Radeon VDPAU clients crash at vlVdpDecoderCreate with 1080p videos

Bug #1316689 reported by Marco Trevisan (Treviño)
10
This bug affects 1 person
Affects Status Importance Assigned to Milestone
Linux
Fix Released
Medium
linux (Ubuntu)
Fix Released
Medium
Unassigned
Trusty
Fix Released
Undecided
Unassigned

Bug Description

I've enabled VDPAU support in flash player, and testing it with normal youtube videos (up to 720p) gives good results.

However, once I switch to 1080p quality, the flash player crashes, and this happens at the mesa vdpau driver level because a Bus Error triggered by mesa since the CPU can't access properly to gpu VRAM.

The same happens loading a 1080p video using VLC or MPlayer (see vlc backtrace http://paste.ubuntu.com/7405255/).

Here's the problem as explained by Christian König:
> It's not the VDPAU driver that's failing here, it's the kernel.
>
> When the kernel can't place a buffer into visible VRAM the buffer
> should be moved into GART instead for CPU access. But instead we
> just return a SIGBUS to the application effectively crashing it.

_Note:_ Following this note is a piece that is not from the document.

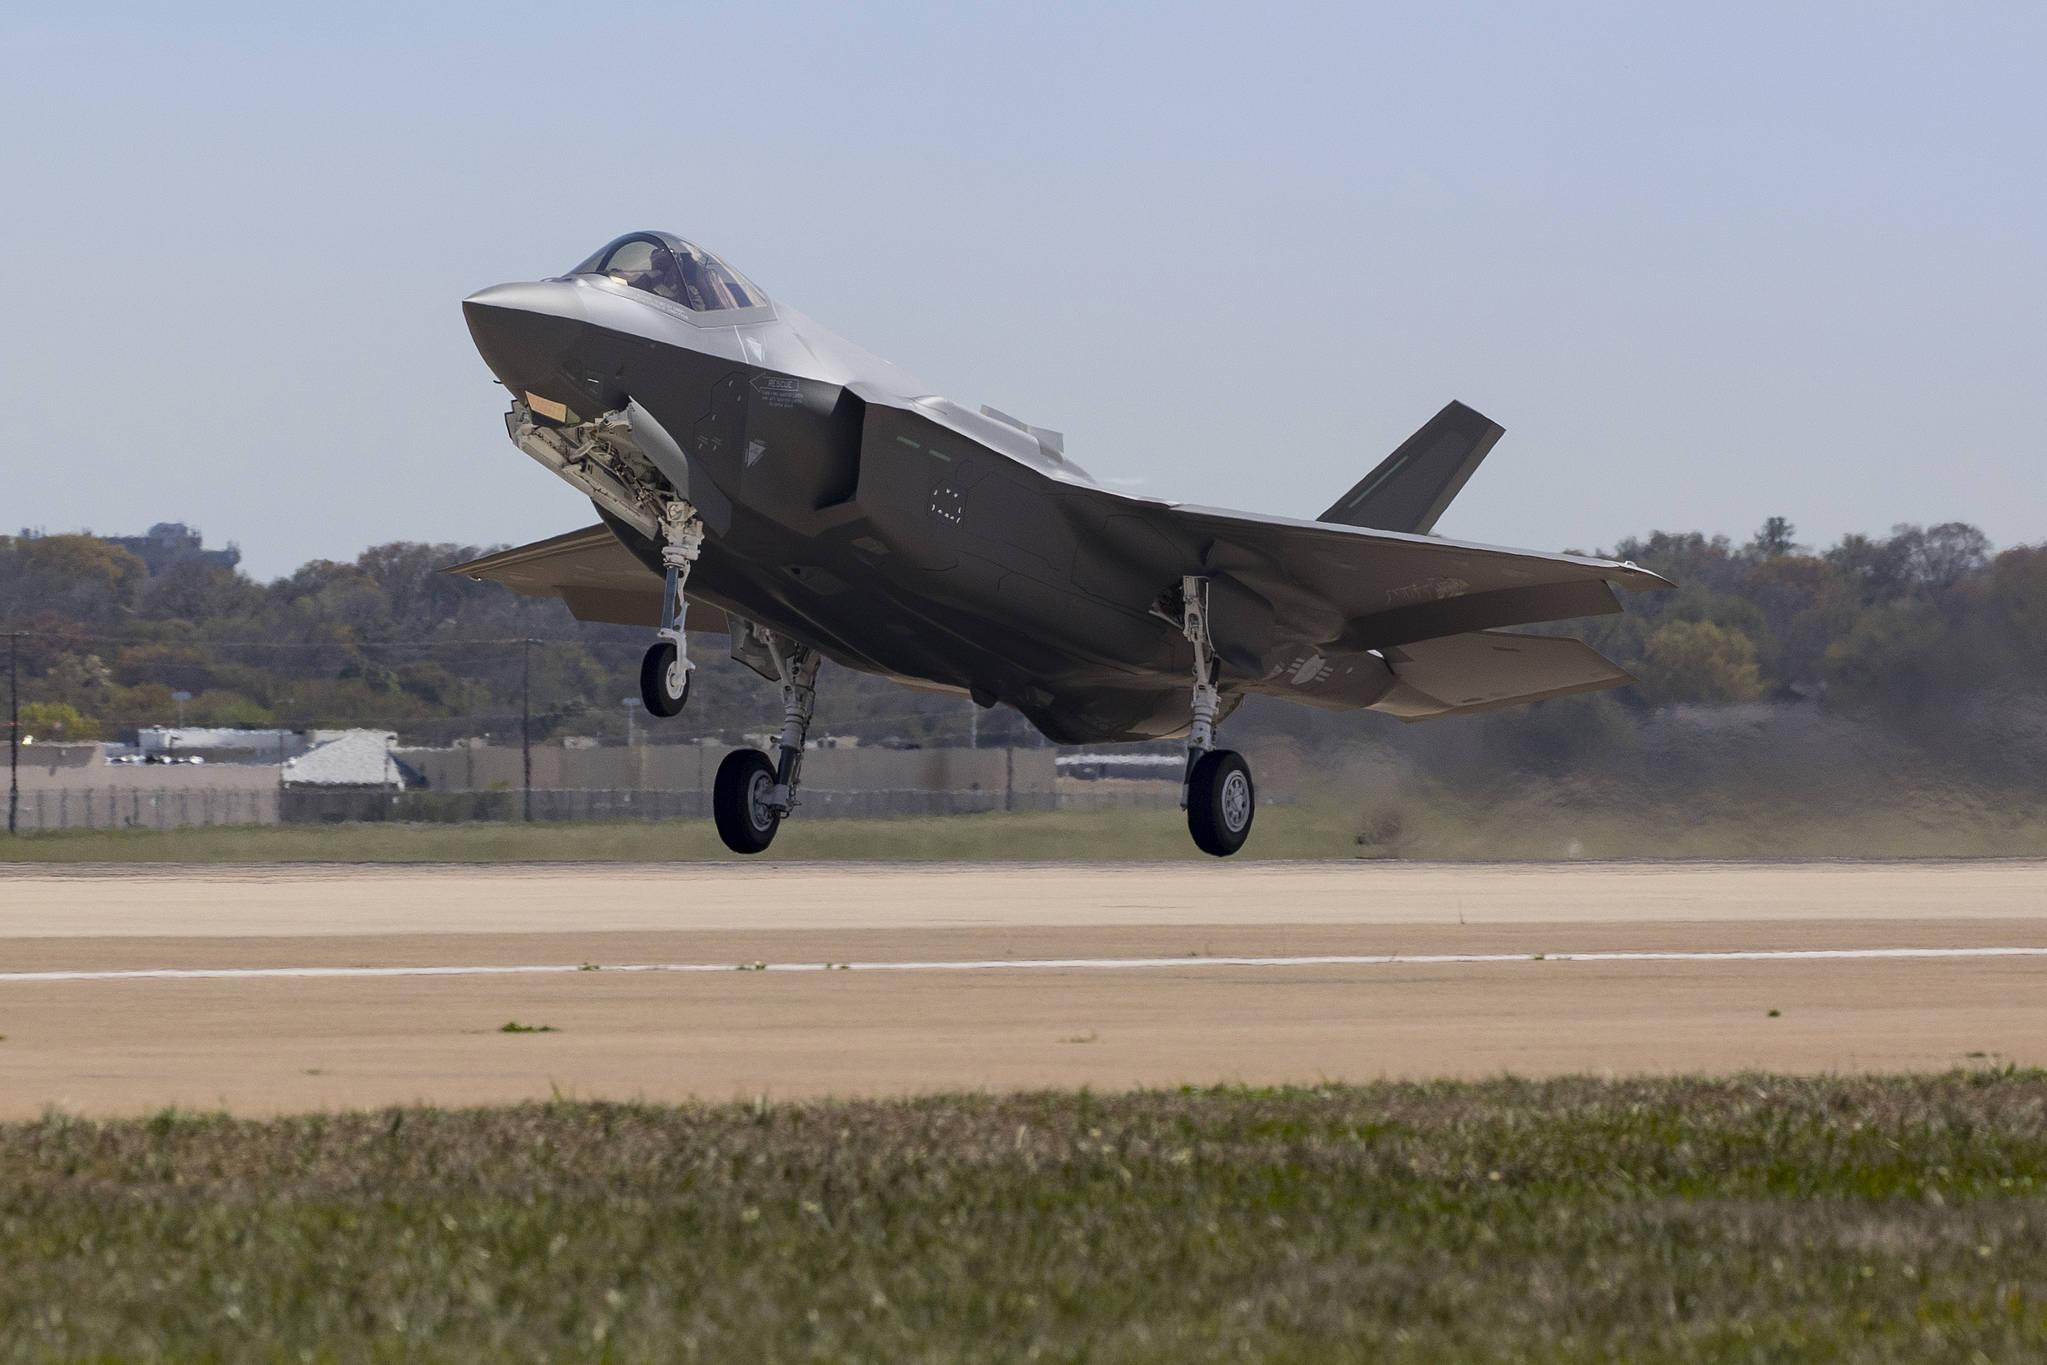 한국의 첫 최첨단 스텔스 전투기인 F-35A 1호기가 28일(현지시간) 미국 록히드마틴사 최종 조립공장에서 출고됐다. [사진 방위사업청]

I'm attaching the patch that fixes this problem, provided by Christian and tested successfully on ubuntu Trusty kernel.

ProblemType: Bug
DistroRelease: Ubuntu 14.04
Package: linux-image-3.13.0-24-generic 3.13.0-24.47
ProcVersionSignature: Ubuntu 3.13.0-24.47-generic 3.13.9
Uname: Linux 3.13.0-24-generic x86_64
ApportVersion: 2.14.1-0ubuntu3
Architecture: amd64
AudioDevicesInUse:
 USER PID ACCESS COMMAND
 /dev/snd/controlC1: marco 2988 F.... pulseaudio
 /dev/snd/pcmC1D3p: marco 2988 F...m pulseaudio
 /dev/snd/controlC0: marco 2988 F.... pulseaudio
CurrentDesktop: Unity
Date: Tue May 6 18:27:23 2014
HibernationDevice: RESUME=UUID=534ddf57-b0f4-4367-ae56-d2878b2f614f
InstallationDate: Installed on 2010-07-10 (1396 days ago)
InstallationMedia: Ubuntu 10.04 LTS "Lucid Lynx" - Release amd64 (20100429)
MachineType: Acer Aspire 4820TG
ProcFB: 0 radeondrmfb
ProcKernelCmdLine: BOOT_IMAGE=/boot/vmlinuz-3.13.0-24-generic root=UUID=4811a166-63ca-4702-8e63-0c357cc2e2f7 ro quiet splash radeon.audio=1 radeon.dpm=1 crashkernel=384M-2G:64M,2G-:128M crashkernel=384M-2G:64M,2G-:128M crashkernel=384M-:128M crashkernel=384M-:128M crashkernel=384M-:128M crashkernel=384M-:128M crashkernel=384M-:128M vt.handoff=7
RelatedPackageVersions:
 linux-restricted-modules-3.13.0-24-generic N/A
 linux-backports-modules-3.13.0-24-generic N/A
 linux-firmware 1.127
SourcePackage: linux
UpgradeStatus: Upgraded to trusty on 2012-10-10 (573 days ago)
dmi.bios.date: 03/16/2011
dmi.bios.vendor: INSYDE
dmi.bios.version: V1.25
dmi.board.asset.tag: Base Board Asset Tag
dmi.board.name: JM41_CP
dmi.board.vendor: Acer
dmi.board.version: Base Board Version
dmi.chassis.type: 10
dmi.chassis.vendor: Chassis Manufacturer
dmi.chassis.version: Chassis Version
dmi.modalias: dmi:bvnINSYDE:bvrV1.25:bd03/16/2011:svnAcer:pnAspire4820TG:pvrV1.25:rvnAcer:rnJM41_CP:rvrBaseBoardVersion:cvnChassisManufacturer:ct10:cvrChassisVersion:
dmi.product.name: Aspire 4820TG
dmi.product.version: V1.25
dmi.sys.vendor: Acer

Revision history for this message
In , Marco Trevisan (Treviño) (3v1n0) wrote :

Created attachment 98475
Flash player crash using VDPAU with full-hd videos

I've enabled VDPAU support in flash player, and testing it with normal youtube videos (up to 720p) gives good results (congrats!).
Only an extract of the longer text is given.